Segment Start: Stored data

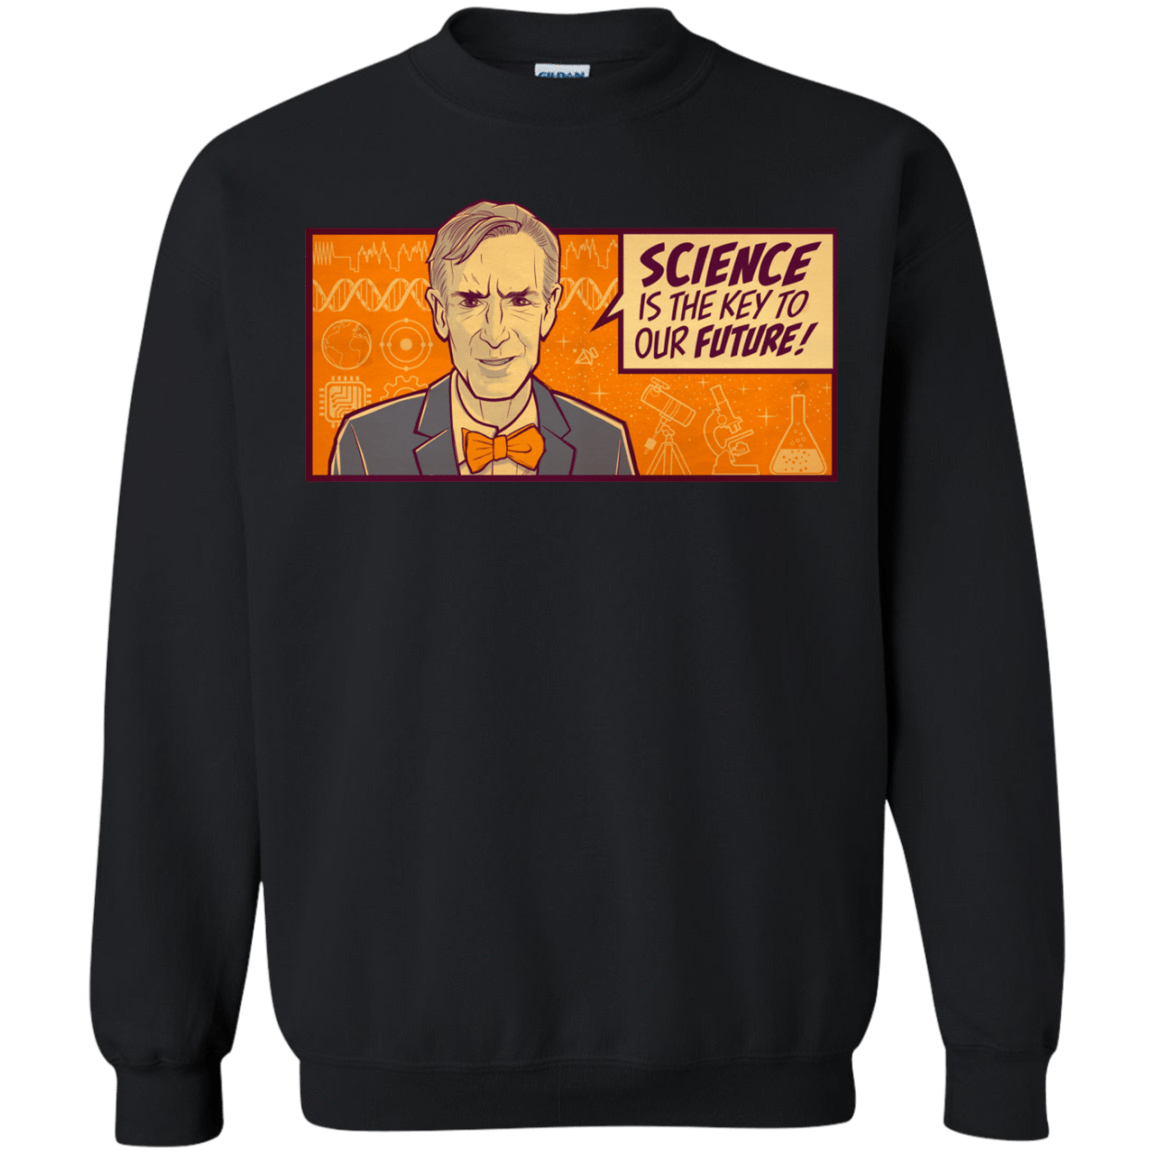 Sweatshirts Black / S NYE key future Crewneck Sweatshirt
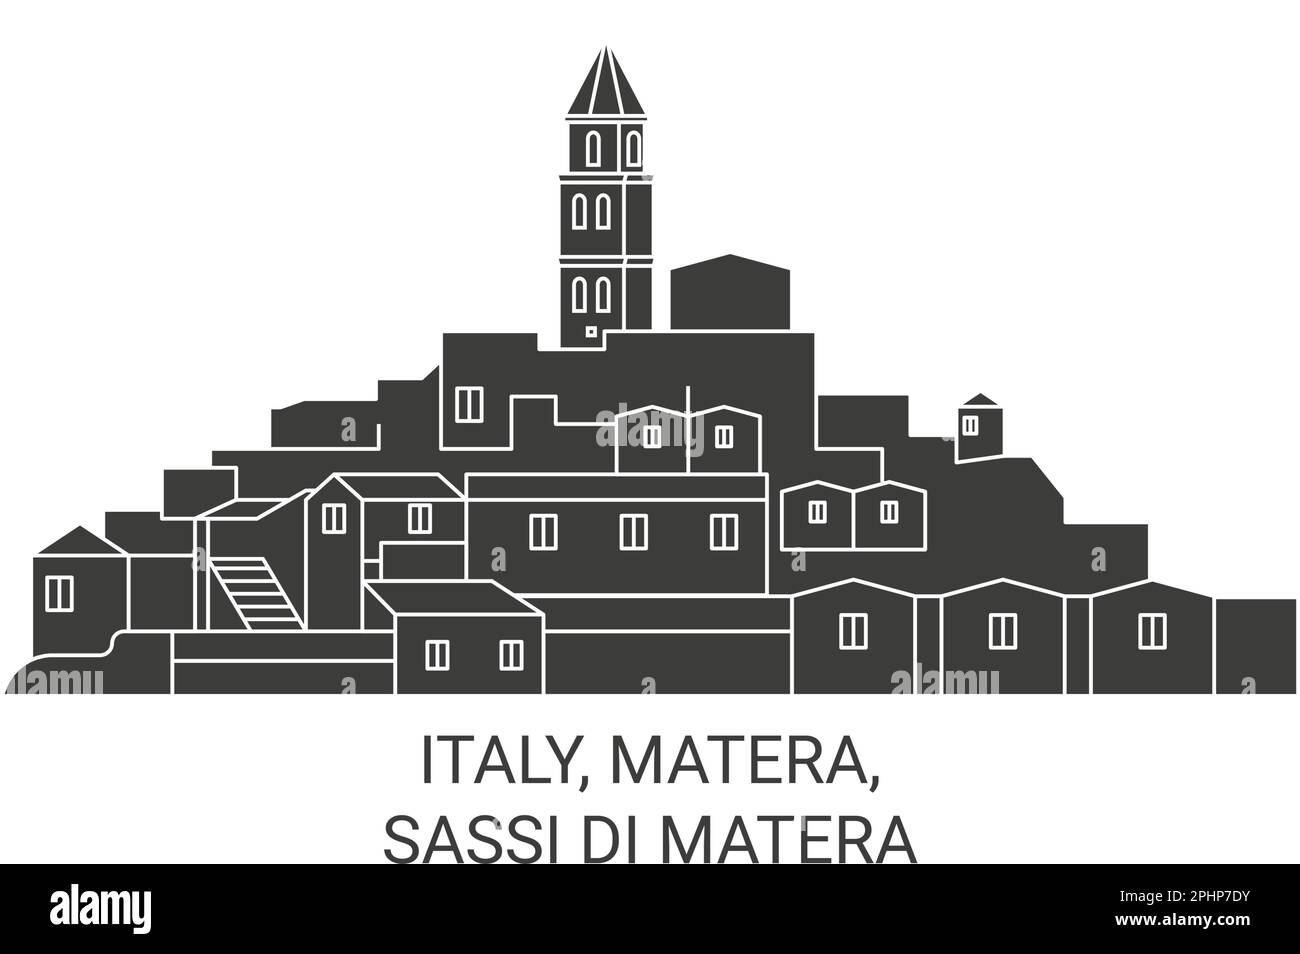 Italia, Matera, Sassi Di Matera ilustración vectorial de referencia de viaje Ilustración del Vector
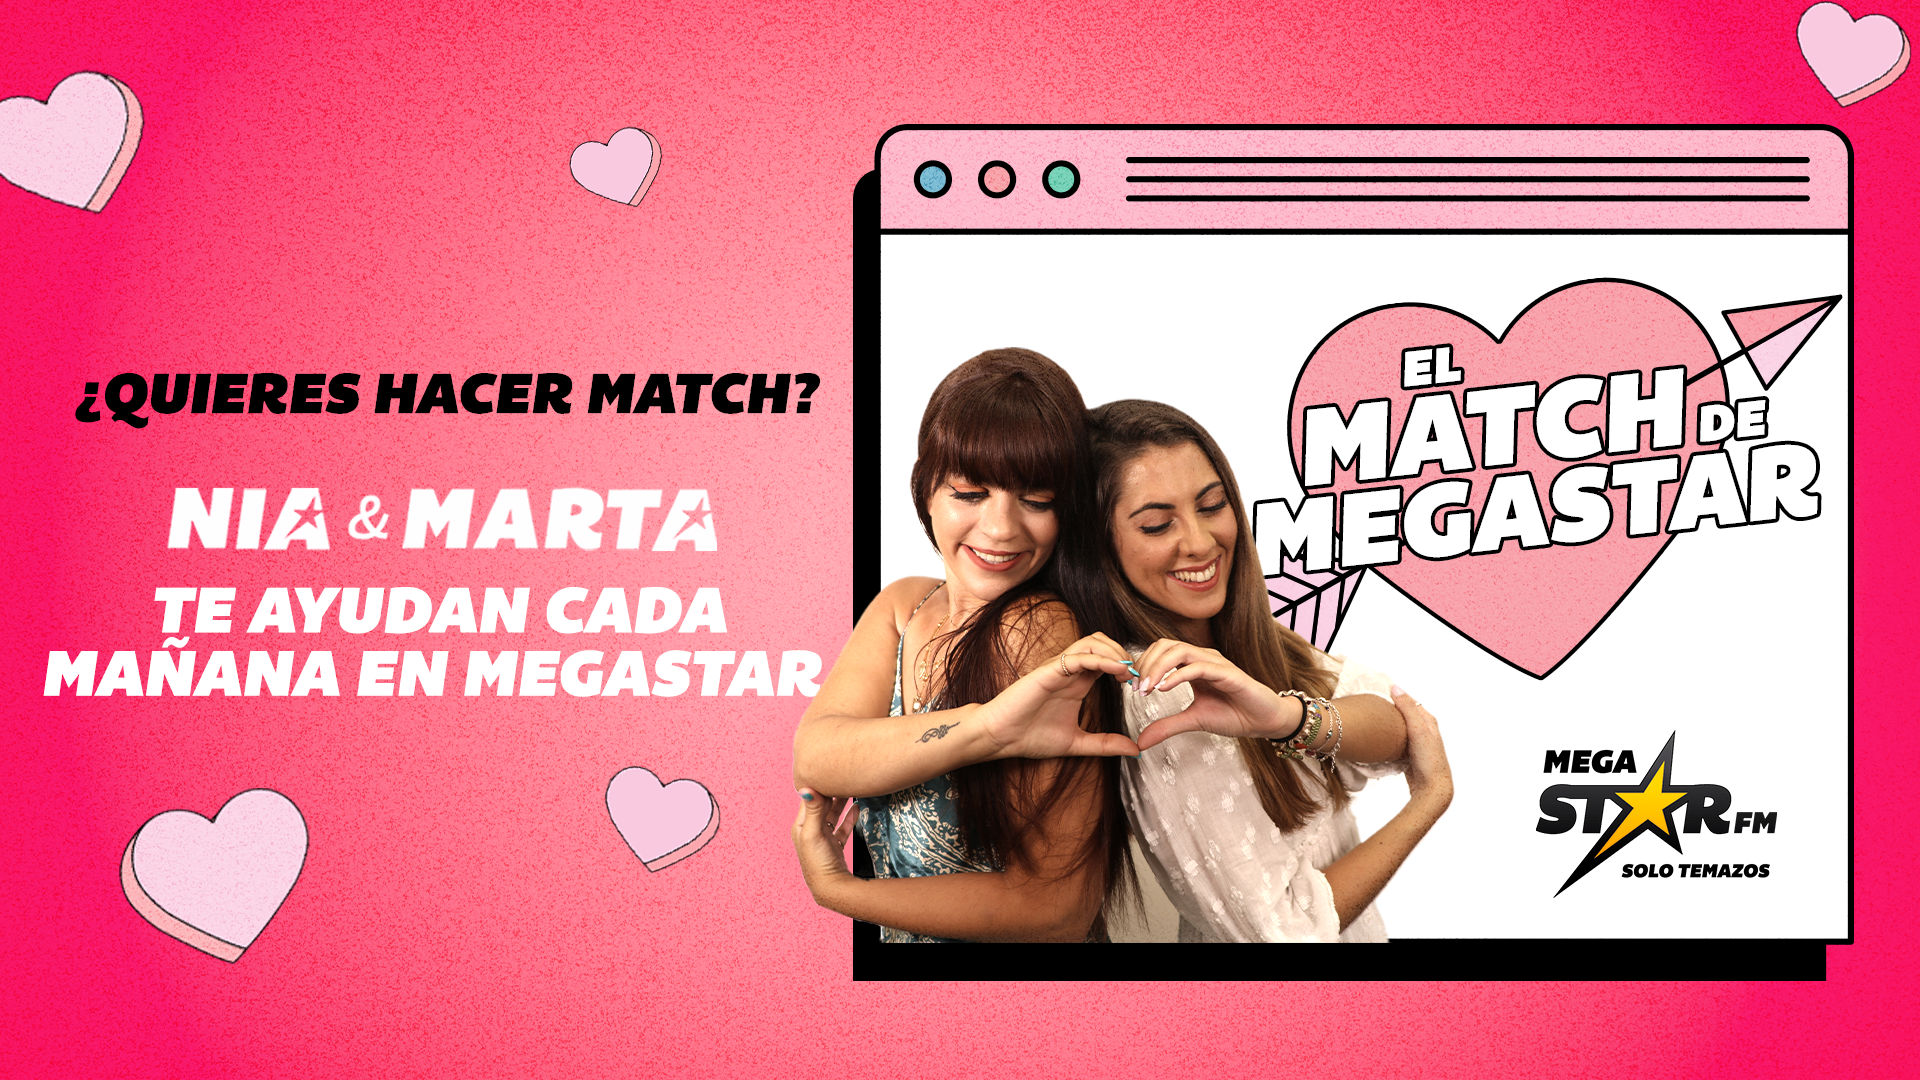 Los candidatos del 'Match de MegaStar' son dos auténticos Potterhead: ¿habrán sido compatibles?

Segment End: Stored data

Problem requirements → Only the lines from the line holding "Italia, Matera, Sassi" through the last line above belong in the answer, repeated exactly; the pictures do not.

Expected answer →
 Italia, Matera, Sassi Di Matera ilustración vectorial de referencia de viaje Ilustración del Vector
 Los candidatos del 'Match de MegaStar' son dos auténticos Potterhead: ¿habrán sido compatibles?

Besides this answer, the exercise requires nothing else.